Kate Beaton sums up her experience at APE this year with a drawing of fifteen characters, cartoonists, and friends from the event plus URL’s. It’s a fantastic drawing that makes you want to see Ms. B draw everyone’s comic for a month (if you didn’t already), and a great way to commemorate the event.

I could see it being a little more than that though. I’m betting that in ten years or so, it’ll also serve as a snapshot of a moment in a comics community, frozen in time like that photo of the sailor kissing the nurse in Times Square.

People are always coming and going in comics. Communities are accidents that happen once in a while when a critical mass of like-minded artists stay in one physical or virtual place long enough to fall into each others’ orbits. They’re never permanent, but you can tell when they start generating the kinds of shared memories that will eventually earn that time and place a name—at least for those who were part of it.

This one doesn’t have a name yet, but it has a snapshot. Let’s just print it, put it in a envelope, mark it “Open in 2019” and see how things shake out.


Take Two—With Legos

Yesterday’s topic, cross-posted over at my Facebook page, prompted reader Håkan Storsaeter to remind us that Crumb isn’t the only one to take on Genesis in comics form in recent years.

The Rev. Brendan Powell Smith, since 2001, has been chronicling the entire Old and New Testament using Lego blocks at The Brick Testament.
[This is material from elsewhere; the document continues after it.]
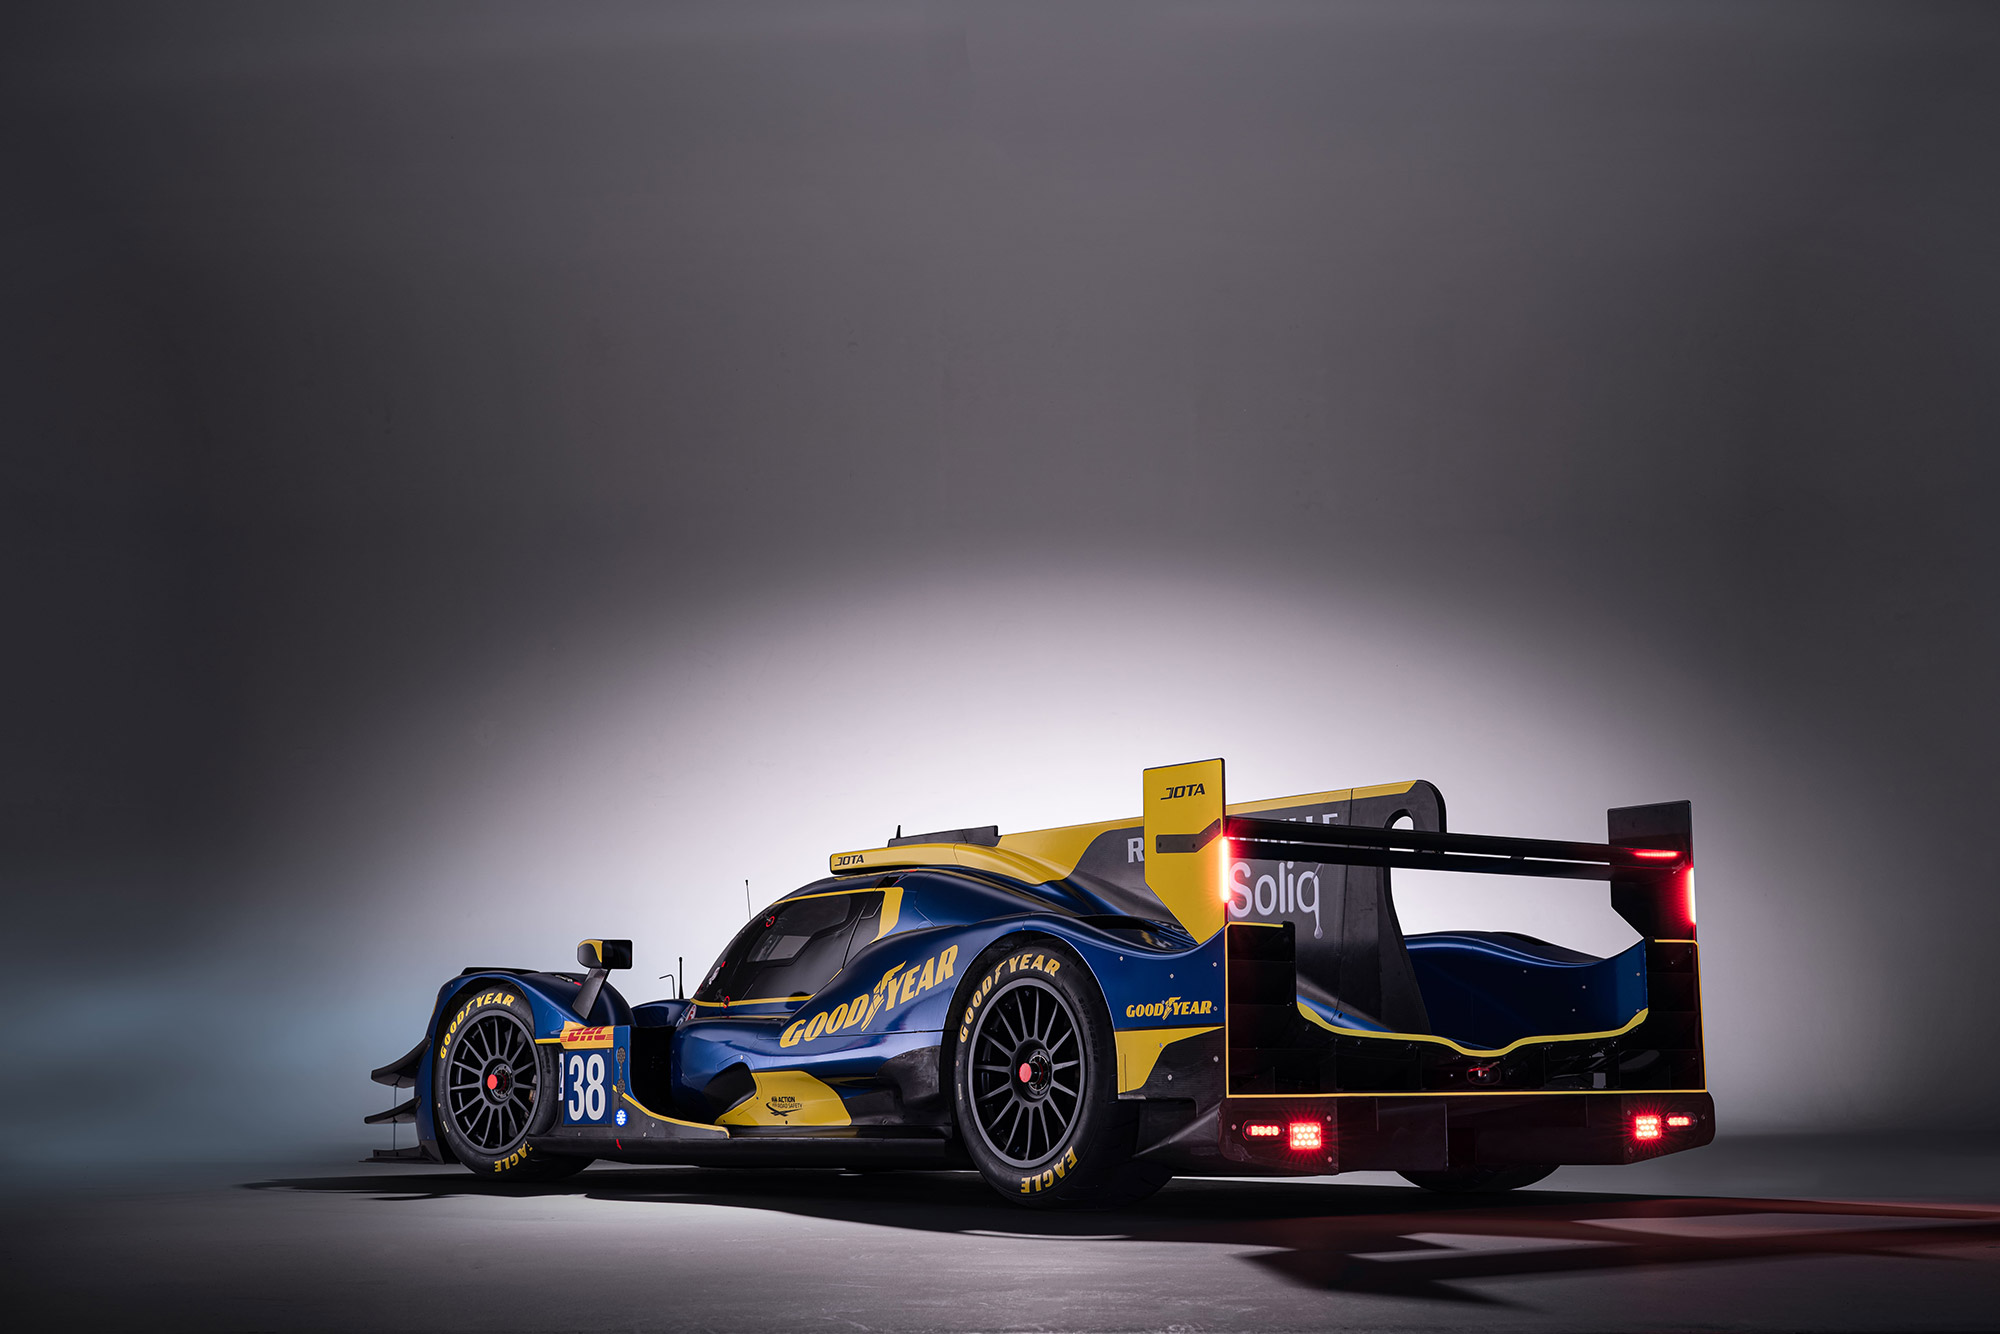 goodyear-jota-racing.jpg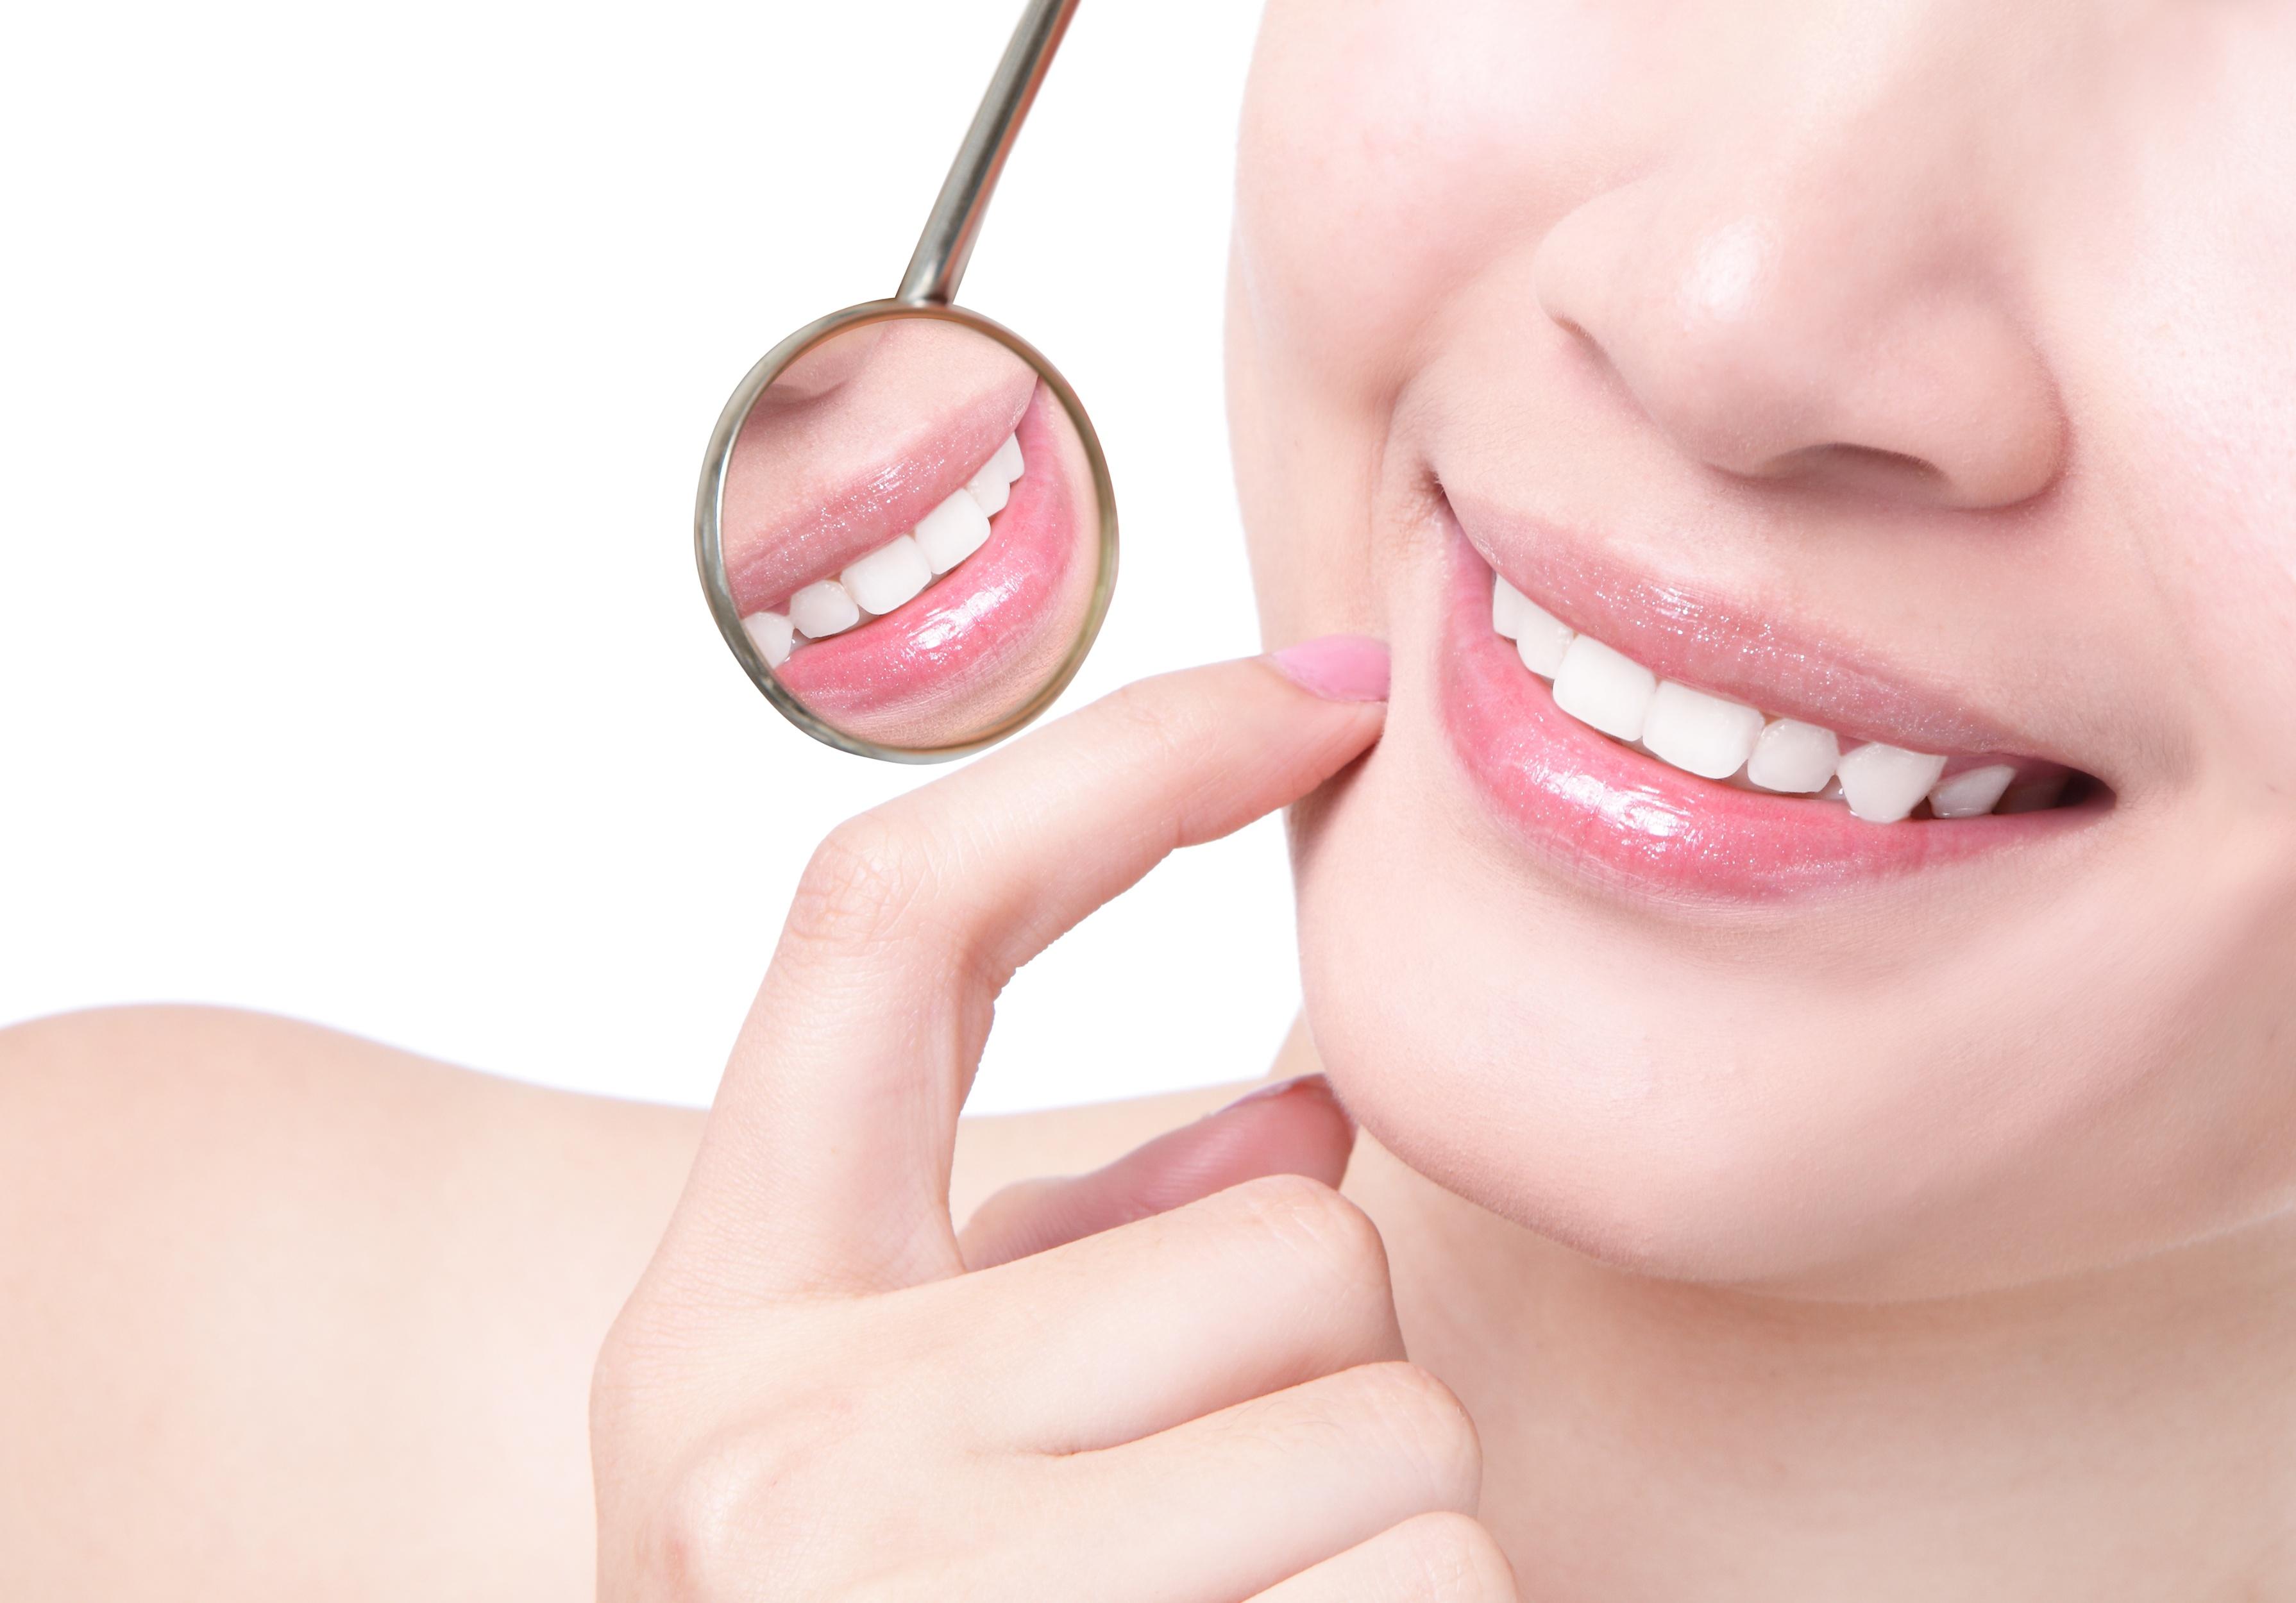 Rockland Oral Surgeon

Check it out for some funny and genuinely creative visualizations of countless Bible stories.

And if you know of other attempts to comics-cize the Bible that we can read online, let us know.


Dr. Jacques’ Six Year Check-Up

Jeph Jacques is offering some thoughts on how webcomics have changed in the last 6 years in his State of the Webcomics Union.

One particularly astute point:

“The idea of critical analysis of webcomics has largely died out. Sure, people still blog about webcomics and “review” them and stuff, but it’s become a tiny, tiny niche sector. I think this is mainly because there’s not a whole lot of point to reviewing something anybody can go look at for free and make up their own mind about! Is this a good thing? I have no idea.”

It’s a good read overall. Check in to read the post and the many comments.



Oh! And a New Webcomic by John Allison Too

Must be new webcomics week. Check out Mr. Allison’s latest here.

Strangely, it also begins with the protagonist in bed (see yesterday’s post below). Hmm…


DKK

Tom spotted it first: A new webcomic by Derek Kirk Kim with a new panel added every day. Looks cool so far. Check it out.